(Beginning of RECORDED INFORMATION)

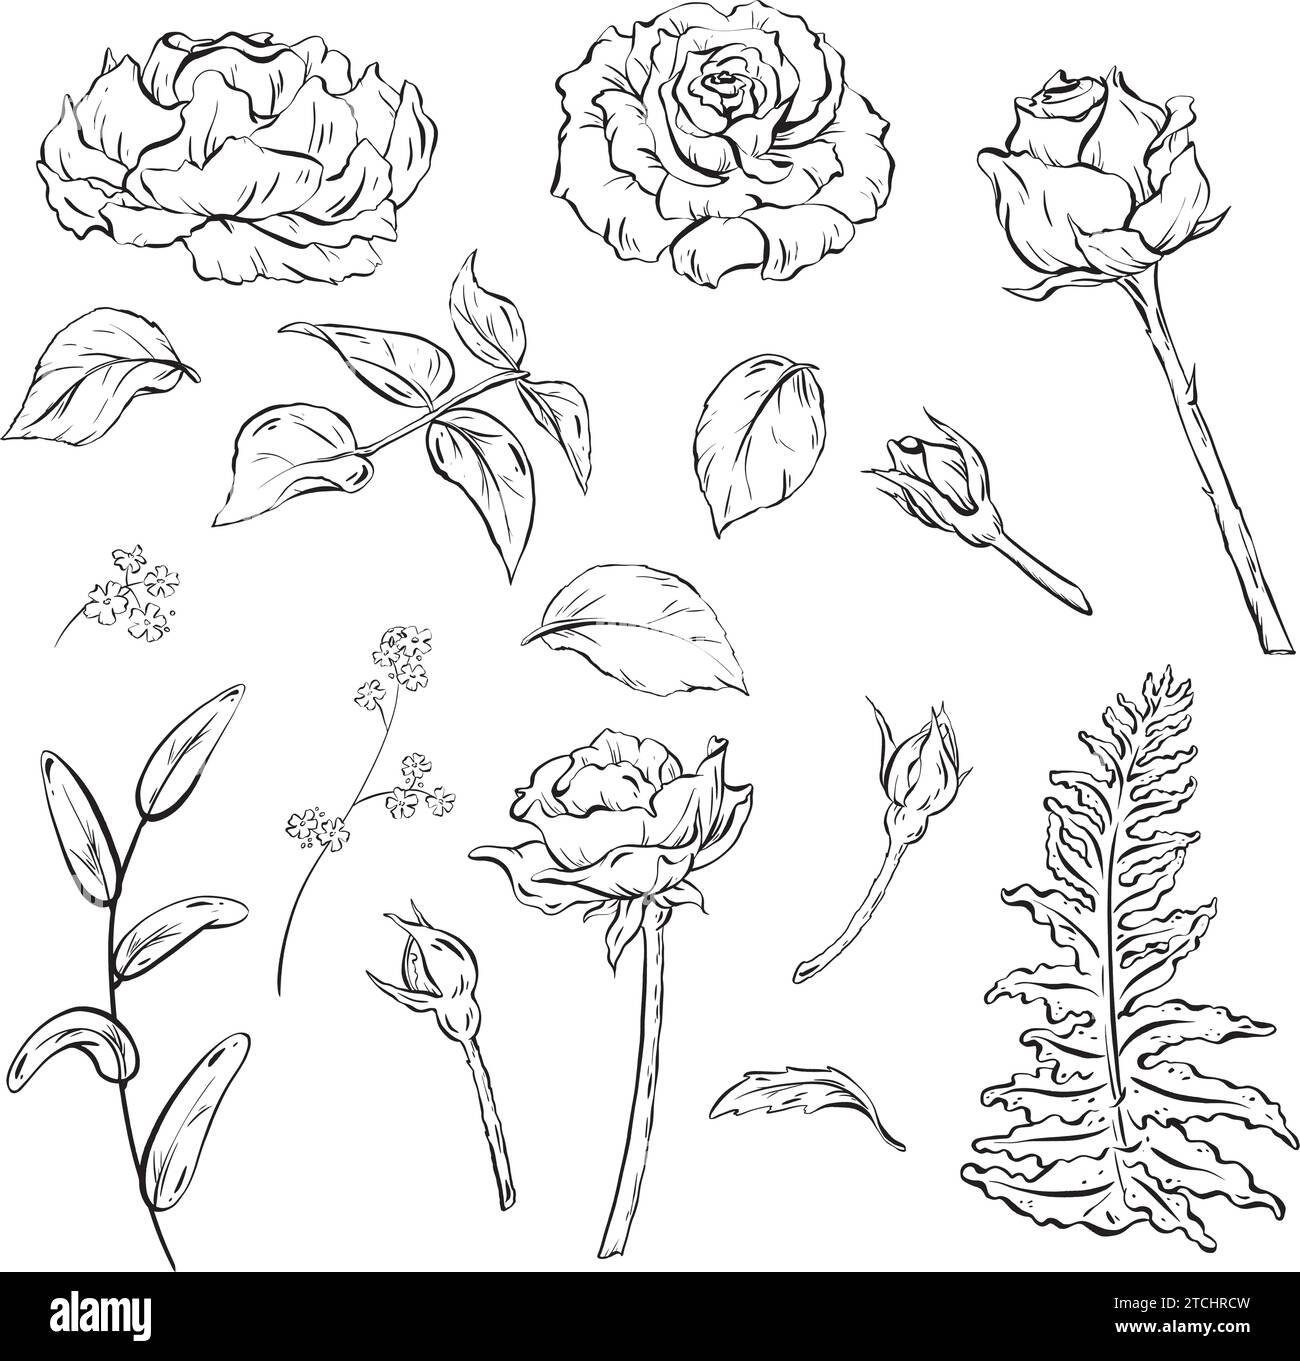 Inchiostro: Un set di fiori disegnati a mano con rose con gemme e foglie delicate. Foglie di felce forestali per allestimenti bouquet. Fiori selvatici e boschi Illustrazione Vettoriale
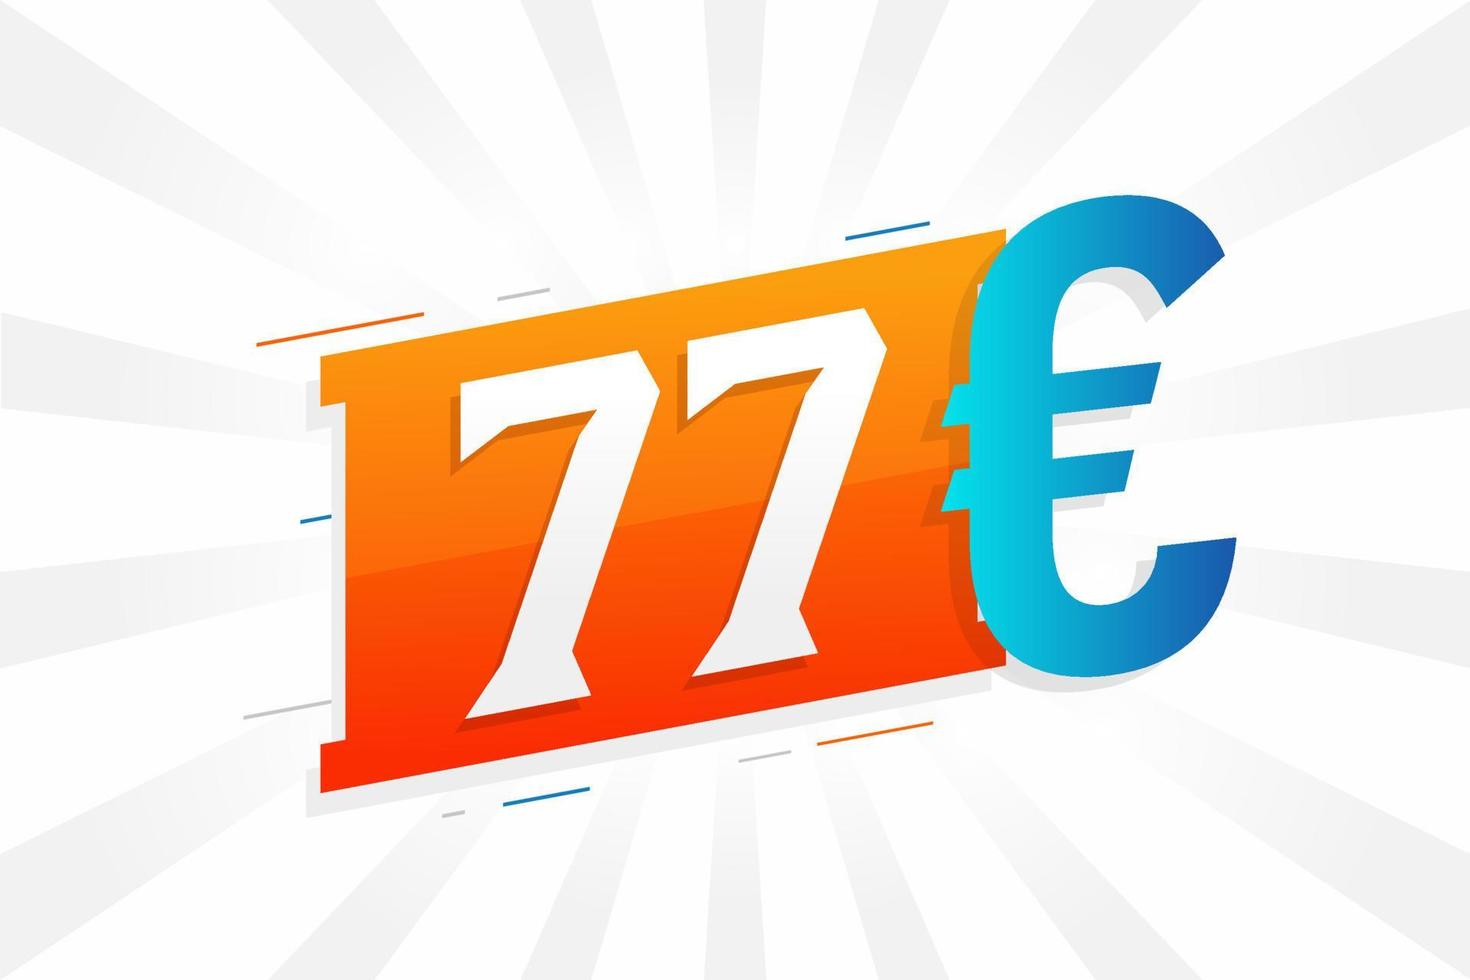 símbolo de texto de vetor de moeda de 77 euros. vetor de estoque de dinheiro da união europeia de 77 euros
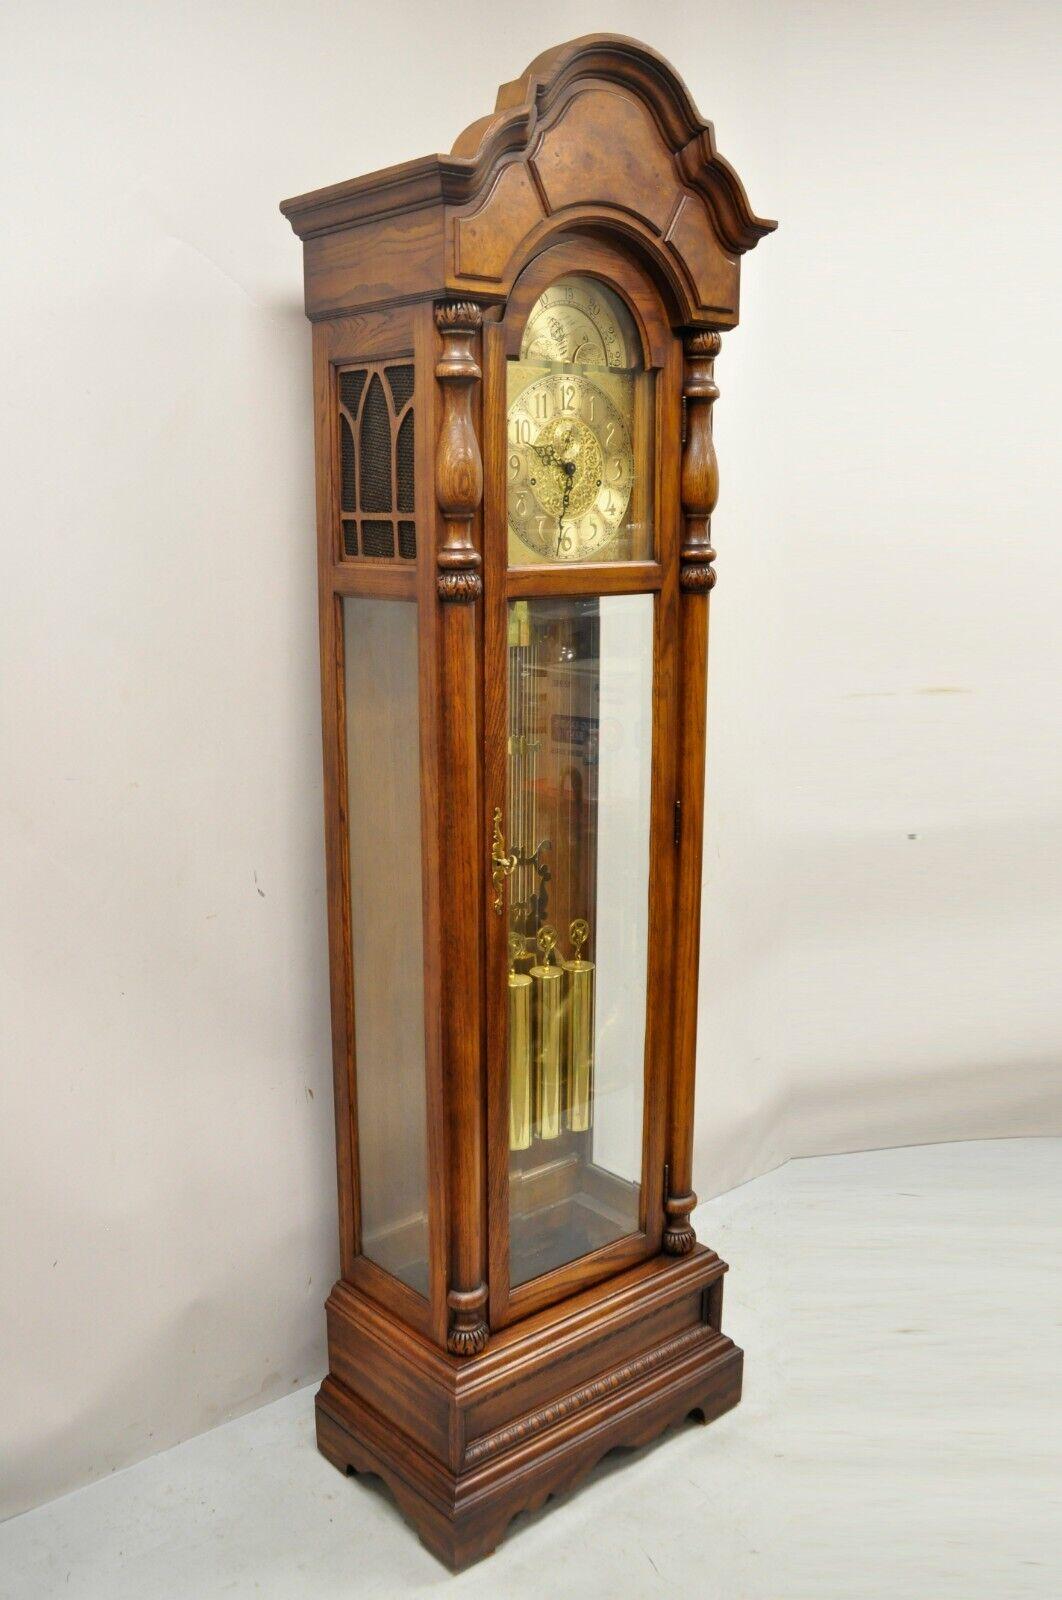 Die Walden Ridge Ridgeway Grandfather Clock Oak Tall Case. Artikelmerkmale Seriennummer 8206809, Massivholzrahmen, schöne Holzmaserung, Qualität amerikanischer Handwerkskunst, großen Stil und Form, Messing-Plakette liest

(End of RECORDED INFORMATION)

◆ TASK ITEM: Once the line holding "símbolo de texto" is found, copy it and each later line exactly through the end of the data, leaving out the pictures.

◆ EXERCISE RESULT:
 símbolo de texto de vetor de moeda de 77 euros. vetor de estoque de dinheiro da união europeia de 77 euros
 Die Walden Ridge Ridgeway Grandfather Clock Oak Tall Case. Artikelmerkmale Seriennummer 8206809, Massivholzrahmen, schöne Holzmaserung, Qualität amerikanischer Handwerkskunst, großen Stil und Form, Messing-Plakette liest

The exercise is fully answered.